Monday, April 9, 2007
EASTER MONDAY GREETINGS
It's Easter Monday, time to begin the secular Easter celebrations! Post-Easter celebrations used to last a week, but in the 19th century that observance was reduced to one day. However, I am going to celebrate the entire week. However, after googling some Easter traditions in other lands, I am so glad we don't observe them here. In Poland, boys pour buckets of water on girls' heads and strike them on the legs with willow or birch sticks. Ouch! This may harken back to a pagan fertility rite. This also happens in other countries, where girls are "tenderly" switched with sticks decorated with ribbons.
In Merrie Olde England, men would lift women into the air and carry them a distance.

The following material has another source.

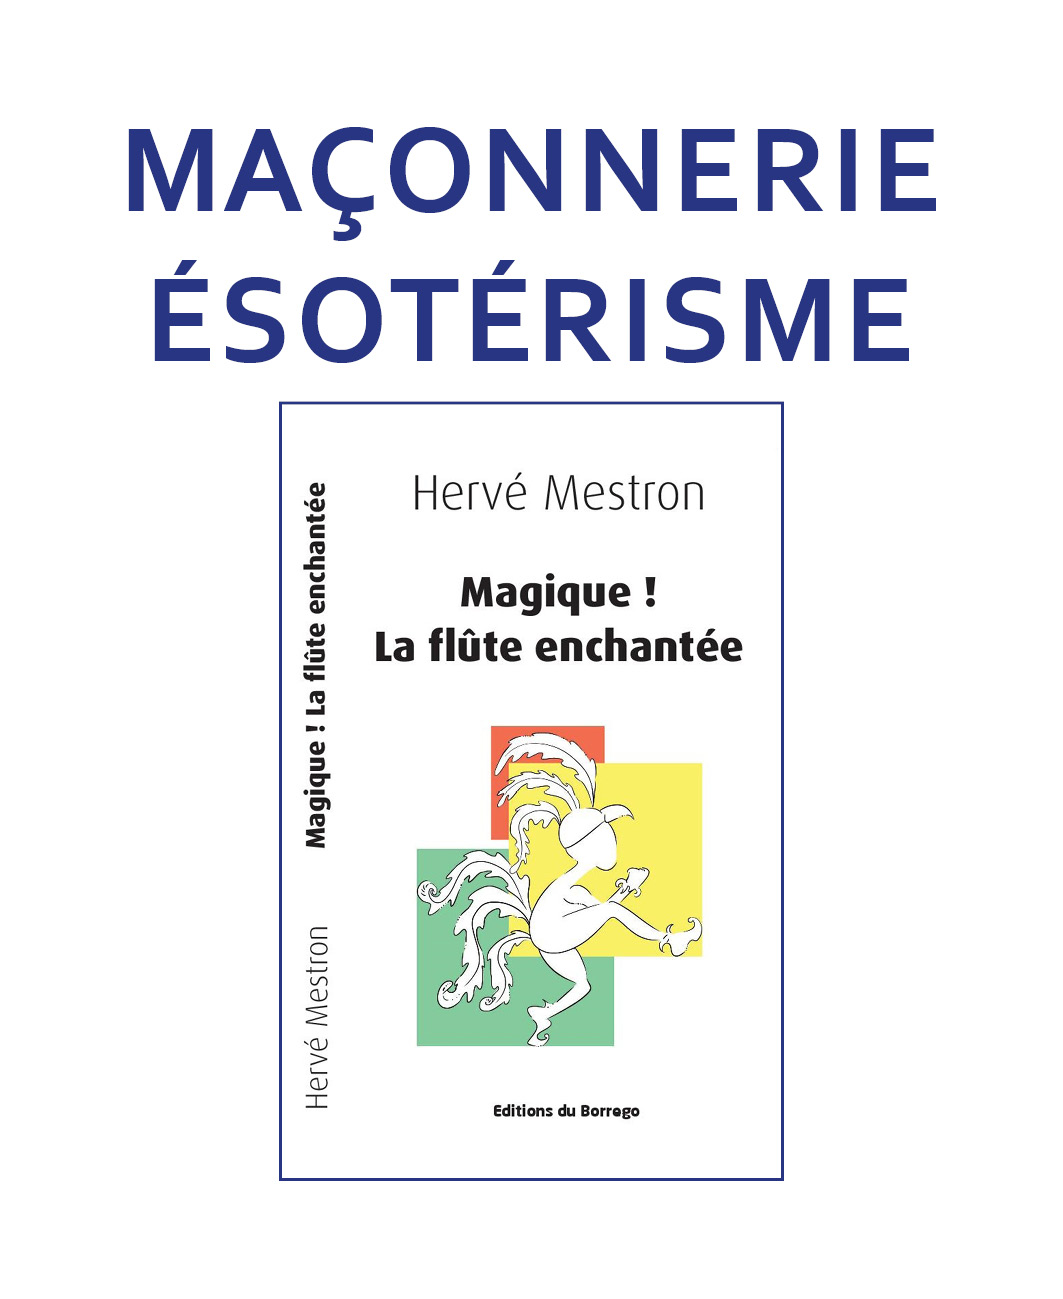  Franc-Maçonnerie - Esotérisme

On Easter Tuesday, women lifted the men. This may symbolize The Resurrection, or the rising of the crops in spring.
Easter Monday morn is celebrated a bit more gently in other places, where men wake their wives with spritzes of perfumed Easter water and the salutation, "May you never wither." Hmm, I could go for that. The Easter water, brought home from church and perfumed with oil, was also used to bless food, pets, gardens and homes.
Easter Monday is not celebrated in the United States, except in North Carolina. In Canada, it is a day for feasting on lamb, as well as trickery and tomfoolery, telling jokes and playing pranks.
I celebrate by decorating with vintage Easter cards and other items. More on that in another post.